Question

One mole of an ideal monoatomic gas undergoes expansion along a straight line on P–V curve from initial state A(3L, 8 atm) to final state B(7.5 L, 2 atm). Calculate q for the above process in L atm

Answer 1

9.0 L atm

Answer 2

The problem asks to calculate the heat (q) for a process involving one mole of an ideal monoatomic gas expanding along a straight line on a P-V curve.

1. Calculate the work done (w) by the system: The process is a straight line on the P-V curve from state A(3L, 8 atm) to state B(7.5 L, 2 atm). The work done by the system ($w_{by\_system}$) is the area under the P-V curve. This area forms a trapezium. The formula for the area of a trapezium is $\frac{1}{2} \times (\text{sum of parallel sides}) \times \text{height}$. Here, the parallel sides are the initial and final pressures ($P_1 = 8 \text{ atm}$, $P_2 = 2 \text{ atm}$), and the height is the change in volume ($V_2 - V_1 = 7.5 \text{ L} - 3 \text{ L}$).

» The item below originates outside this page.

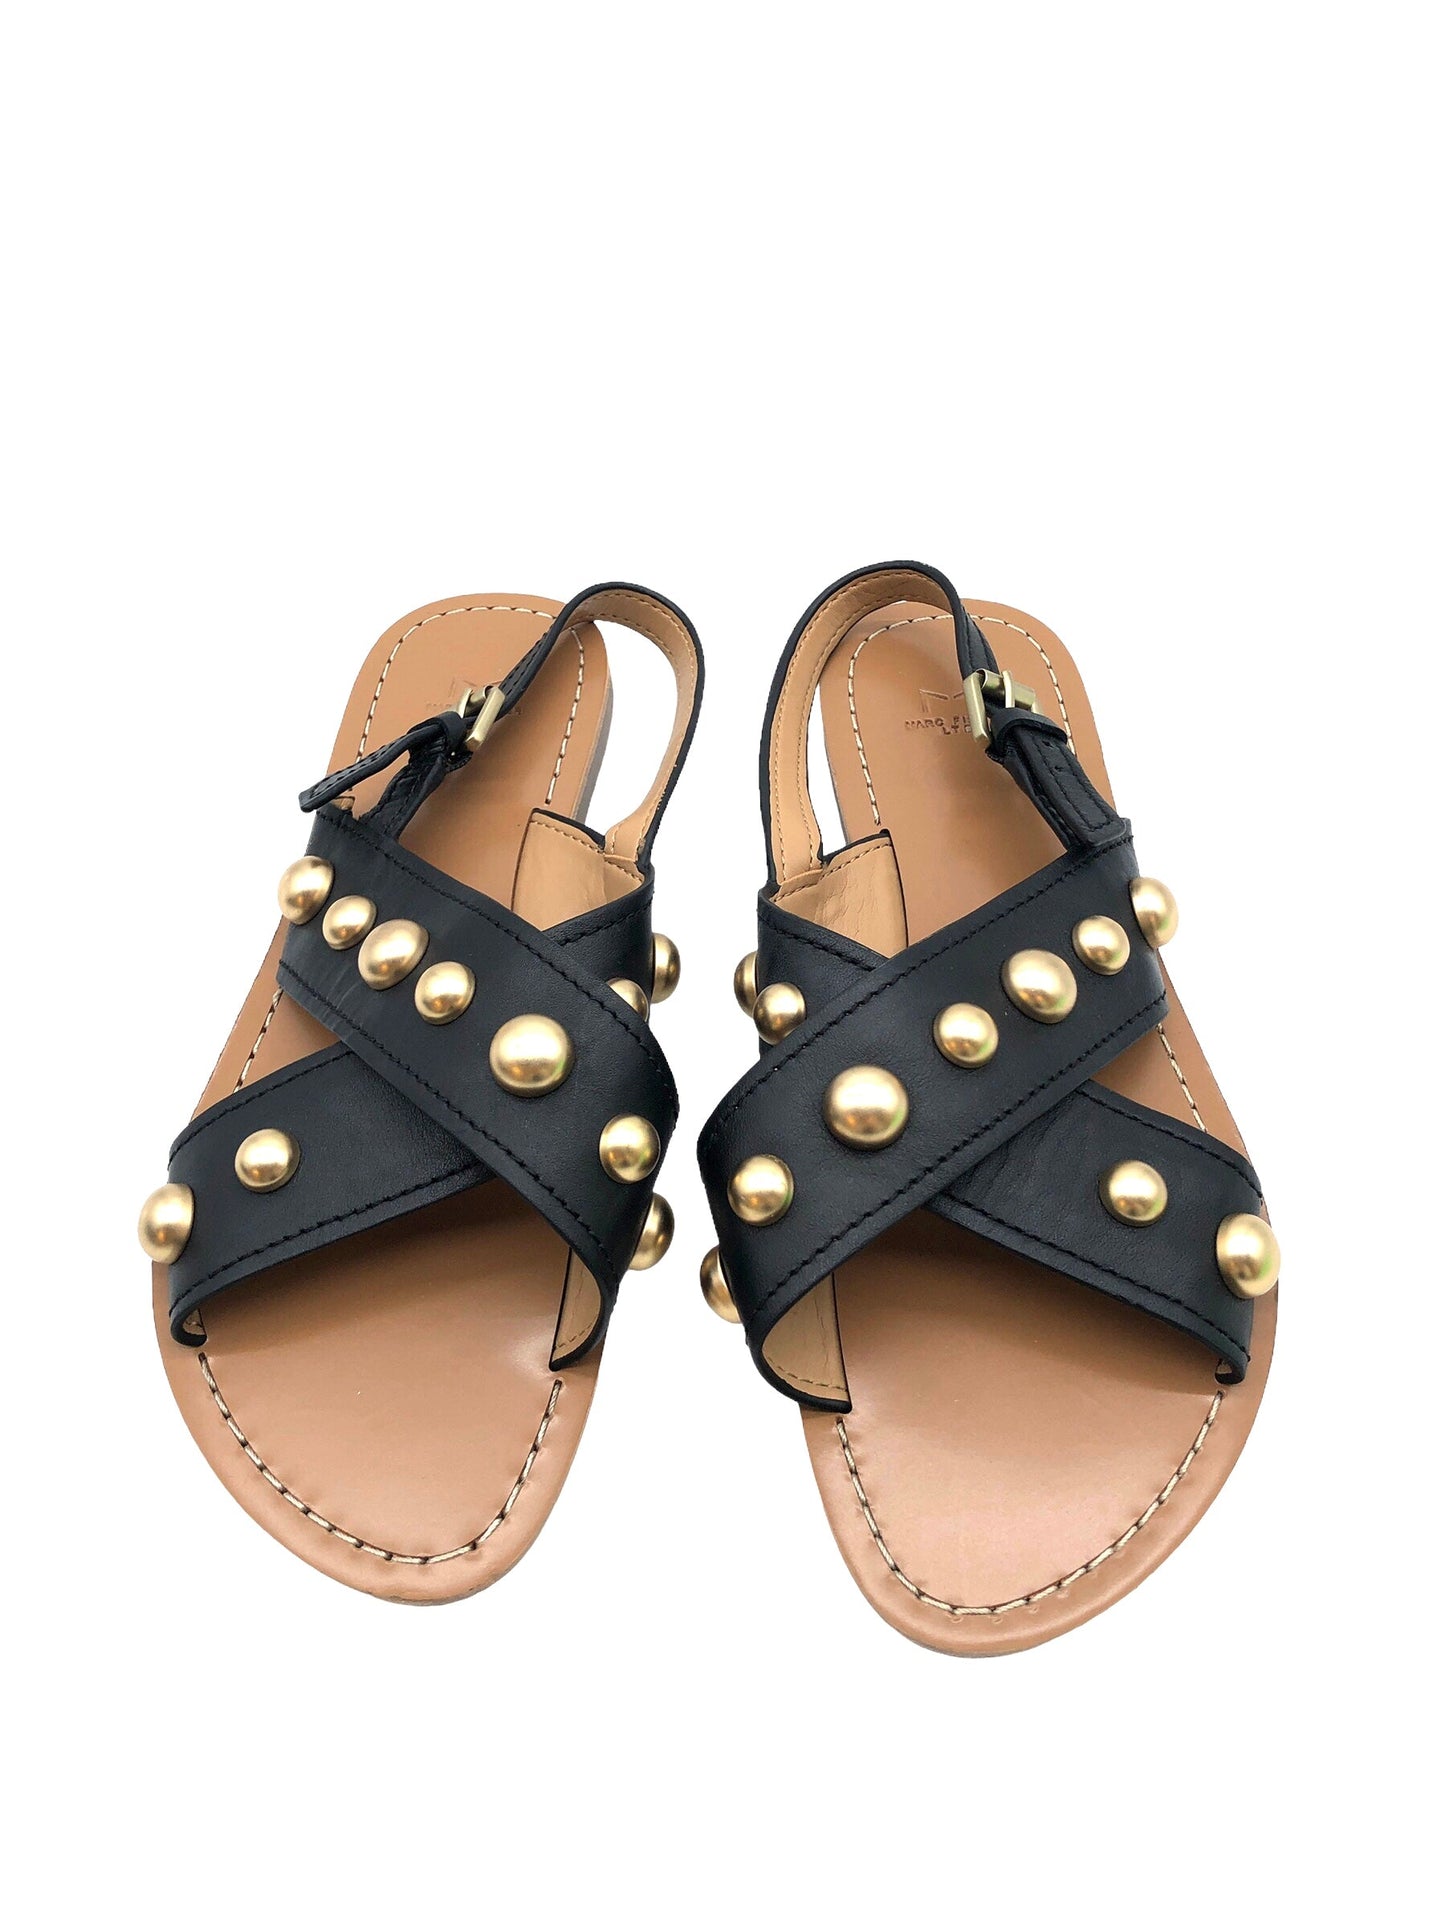 Black & Gold Sandals Flats Marc Fisher, Size 7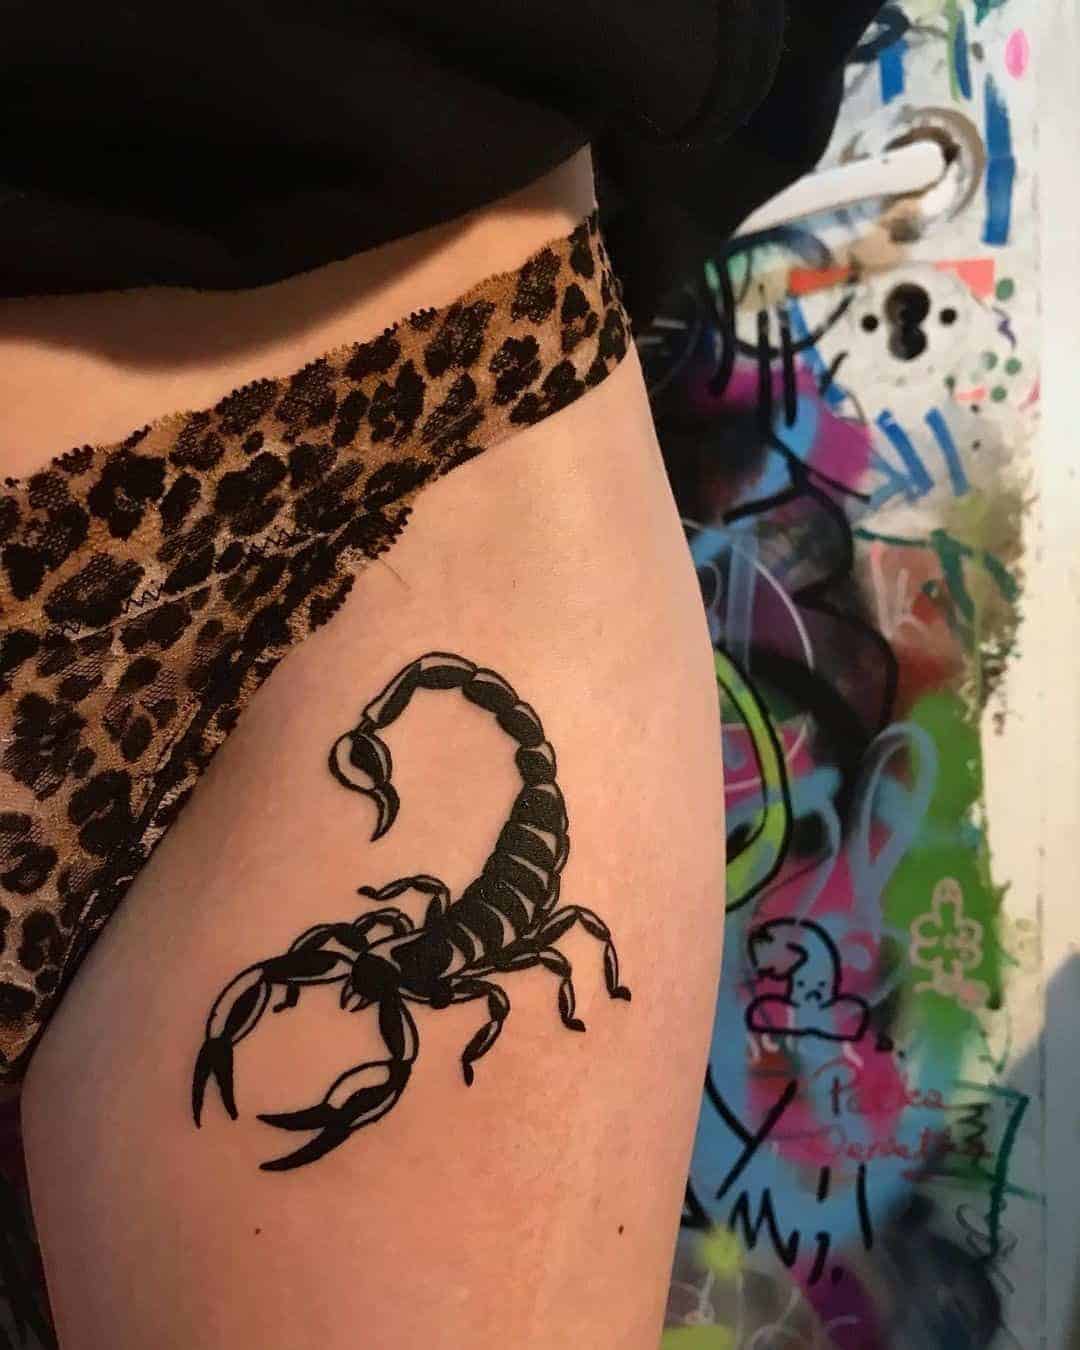 scorpion thigh tattoo

$w_{by\_system} = \frac{1}{2}(P_1 + P_2)(V_2 - V_1)$ $w_{by\_system} = \frac{1}{2}(8 \text{ atm} + 2 \text{ atm})(7.5 \text{ L} - 3 \text{ L})$ $w_{by\_system} = \frac{1}{2}(10 \text{ atm})(4.5 \text{ L})$ $w_{by\_system} = 5 \times 4.5 \text{ L atm}$ $w_{by\_system} = 22.5 \text{ L atm}$

2. Calculate the change in internal energy ($\Delta U$): For an ideal gas, the change in internal energy depends only on the change in temperature: $\Delta U = nC_v\Delta T$. For a monoatomic ideal gas, the molar heat capacity at constant volume ($C_v$) is $\frac{3}{2}R$. So, $\Delta U = n \frac{3}{2}R\Delta T = \frac{3}{2} (nR T_2 - nR T_1)$. Using the ideal gas law, $PV = nRT$, we can substitute $nRT$ with $PV$: $\Delta U = \frac{3}{2}(P_2V_2 - P_1V_1)$

Calculate the initial and final PV products: $P_1V_1 = 8 \text{ atm} \times 3 \text{ L} = 24 \text{ L atm}$ $P_2V_2 = 2 \text{ atm} \times 7.5 \text{ L} = 15 \text{ L atm}$

Now, calculate $\Delta U$: $\Delta U = \frac{3}{2}(15 \text{ L atm} - 24 \text{ L atm})$ $\Delta U = \frac{3}{2}(-9 \text{ L atm})$ $\Delta U = -13.5 \text{ L atm}$

3. Apply the First Law of Thermodynamics: The First Law of Thermodynamics states that $\Delta U = q - w_{by\_system}$ (where $w_{by\_system}$ is work done by the system). Rearranging to find q: $q = \Delta U + w_{by\_system}$

Substitute the calculated values of $\Delta U$ and $w_{by\_system}$: $q = -13.5 \text{ L atm} + 22.5 \text{ L atm}$ $q = 9.0 \text{ L atm}$

The positive value of q indicates that heat is absorbed by the system during the process.